You think your wife doesn't understand you?

Life is not all skittles and beer for the prophet of the LORD, even before the part where they kill you.

Hosea, for example, not only married a harlot at the LORD's direction, but even had to talk publicly about his unhappy marriage as a prophetic illustration of God's relationship with Israel. The personal shame of a man who lived twenty-eight hundred years ago is now a topic of conversation on the World Wide Web.

Of course, we aren't concerned with the real-life marriage of Hosea and Gomer, but with the just-as-real-life marriage of God and His people. Still, we understand more spiritual things in terms of more physical things, and the problems of a man with an unfaithful wife are easier for us to comprehend than the problems of a perfect and eternally happy God with unfaithful followers.

Hosea 2 is not a chapter to quote if you're giving a sermon on how being a good person is all that's needed for salvation.
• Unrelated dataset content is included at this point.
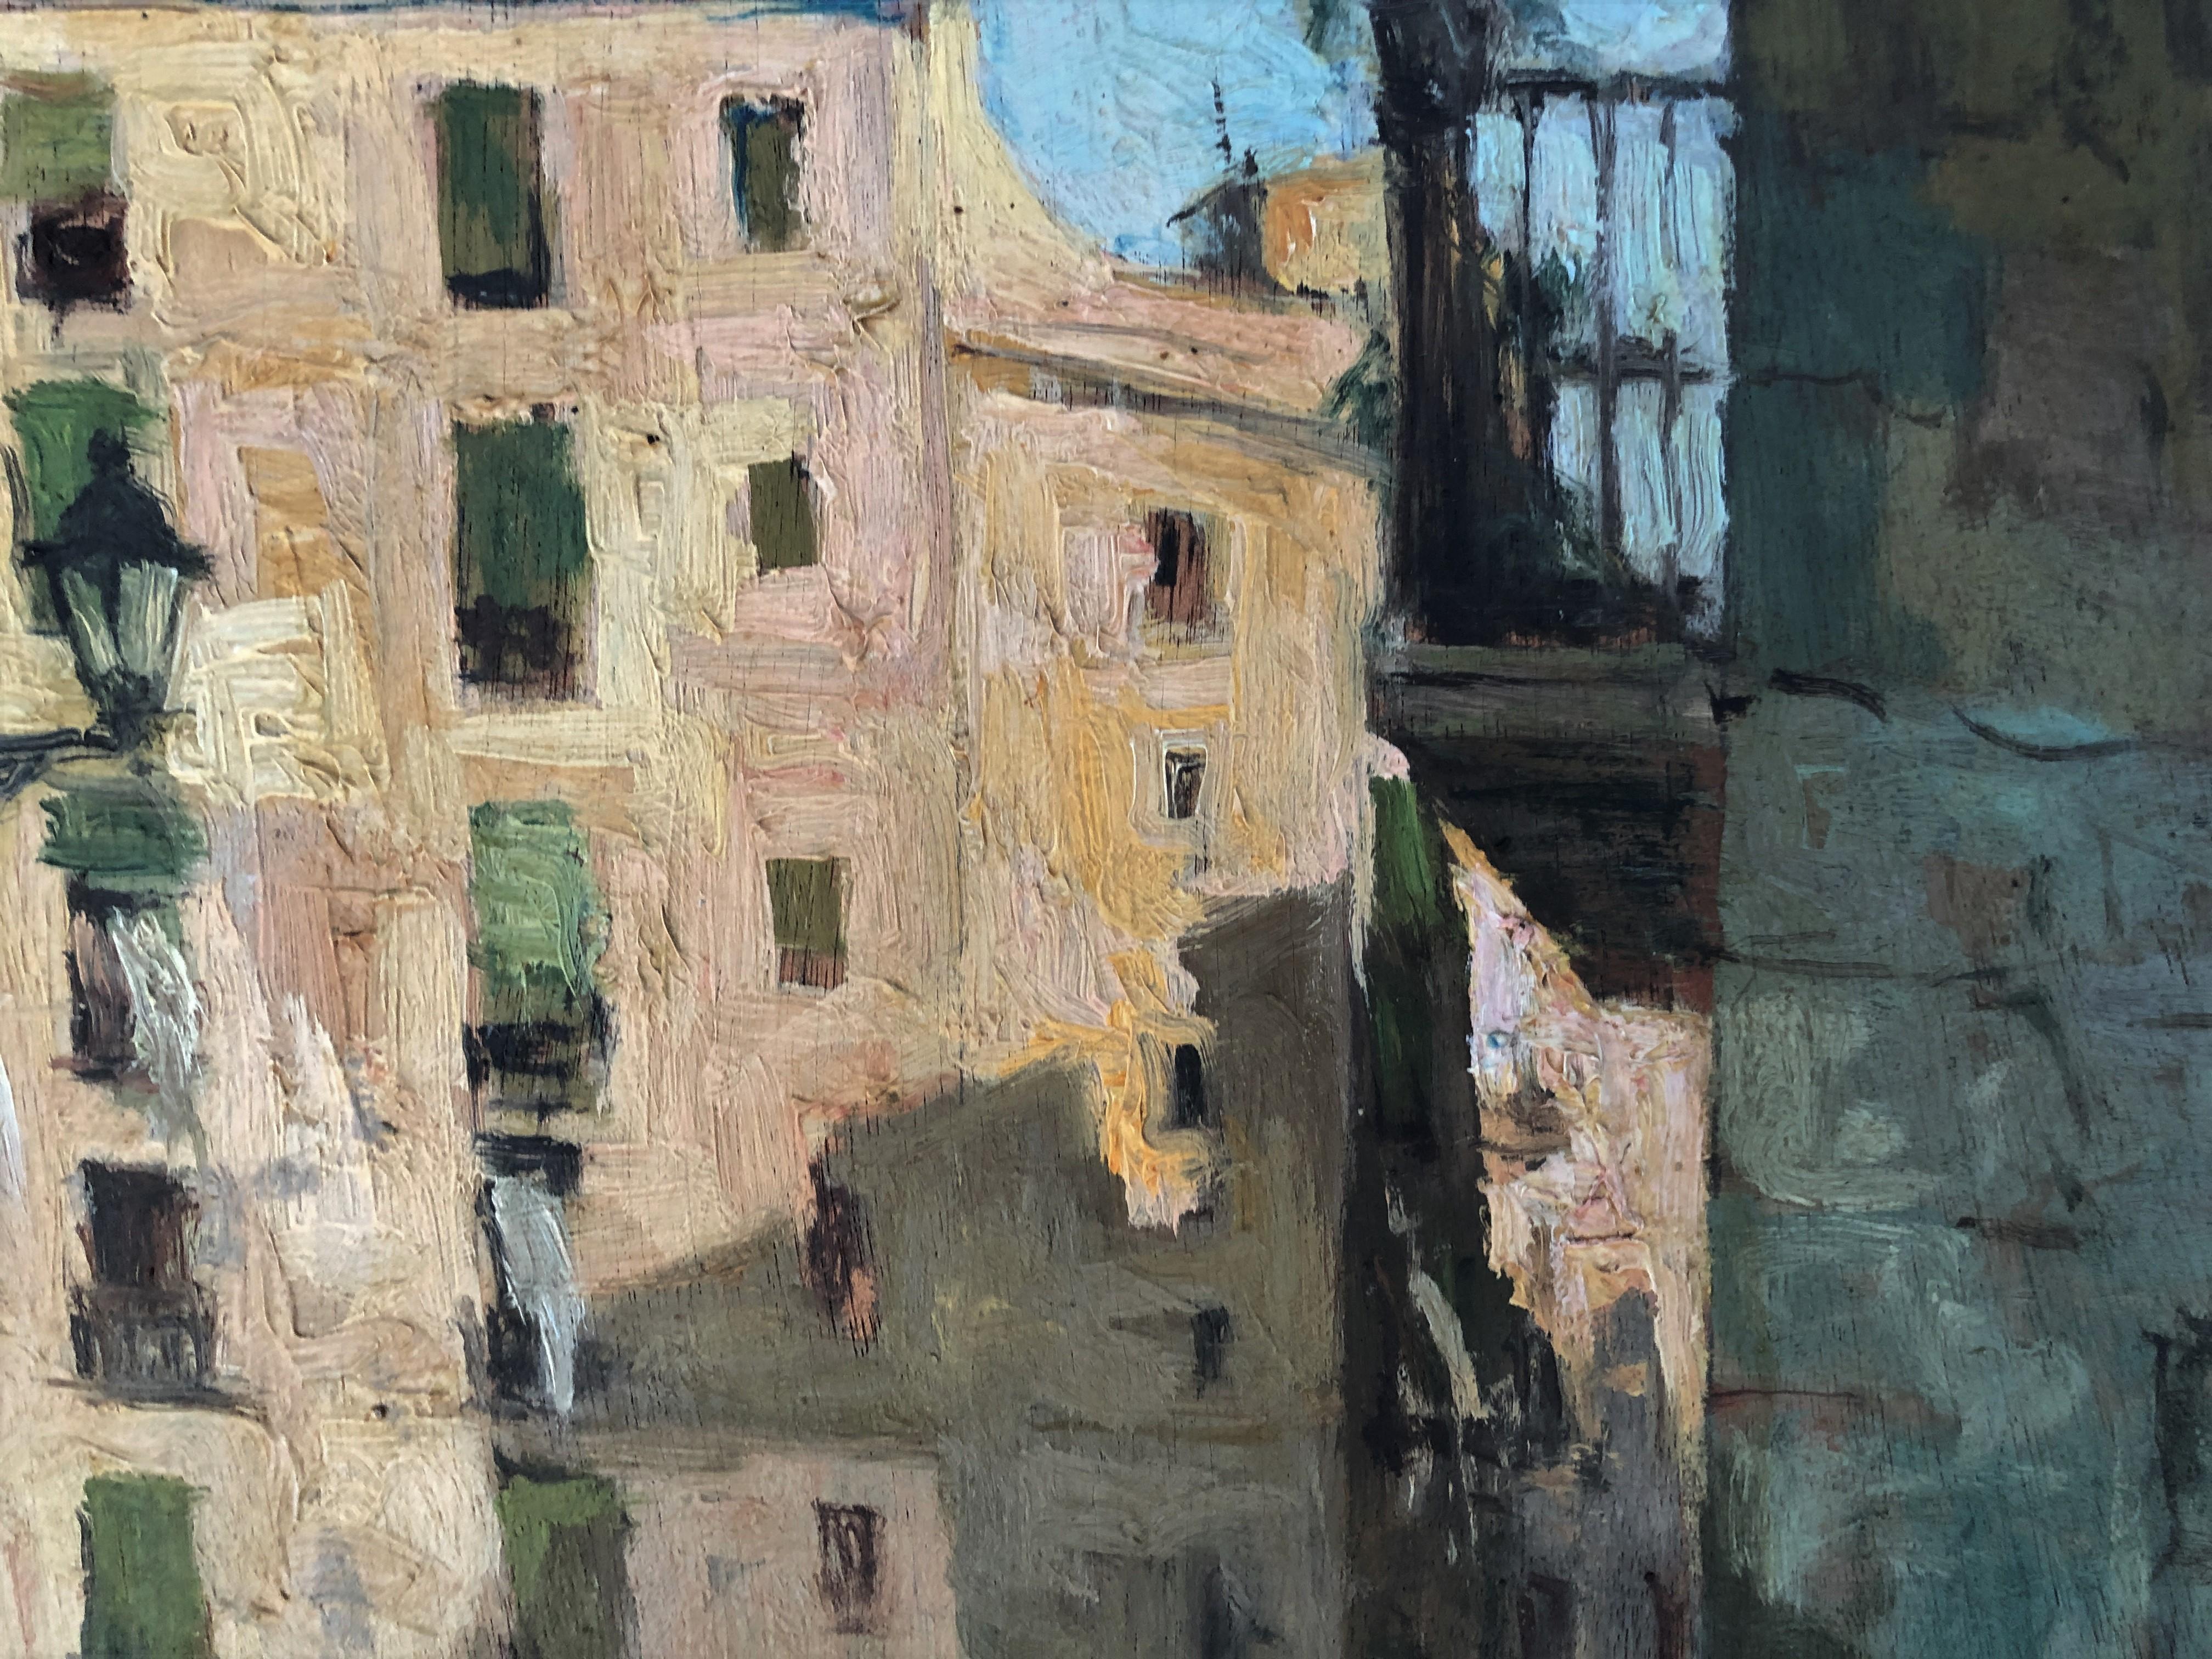 Taille du cadre 55x62 cm.

Asensio Mariné (Barcelone, 1890-1961) était un peintre spécialisé dans les paysages, les figures et les natures mortes d'un réalisme marqué, qui a réalisé une poignée d'expositions personnelles et collectives dans

The people of Israel worshipped the local gods in thanksgiving for the bounty of the land. Giving thanks is good, right? They coexisted in peace with the local pagans. Living in peace with your neighbor is good, right?

Their error, though, goes deeper than thanking the wrong deity. Their actions are a repudiation, not of a deity-devotee relationship, but of a marriage covenant. A faithful wife doesn't go hopping from bed to bed simply because men give her presents, and she certainly doesn't treat her husband like just one more lover.

Even if Israel did not know that it was the Lord who gave them the grain, the wine, and the oil, she should have known that the Lord had made her His spouse. Yet Hosea speaks of the LORD looking forward to that day on which Israel
shall call me "My husband," and never again "My baal."
The NAB note on this verse says:
My baal: the word means "lord, master." It was commonly used by women of their husbands, but it is to be shunned as a title for the Lord because of its association with the pagan god Baal. Probably it had been so used by many Israelites, who saw little if any difference between the worship of the Lord and the worship of Baal.
It might not seem like to call the Lord "my Lord" is to be unfaithful, but God did not call Israel, and He has not called us, into an economic relationship whereby He supplies our material needs in exchange for acts of worship. God calls us to love Him, and He is not the sort of Being Who can be partly loved.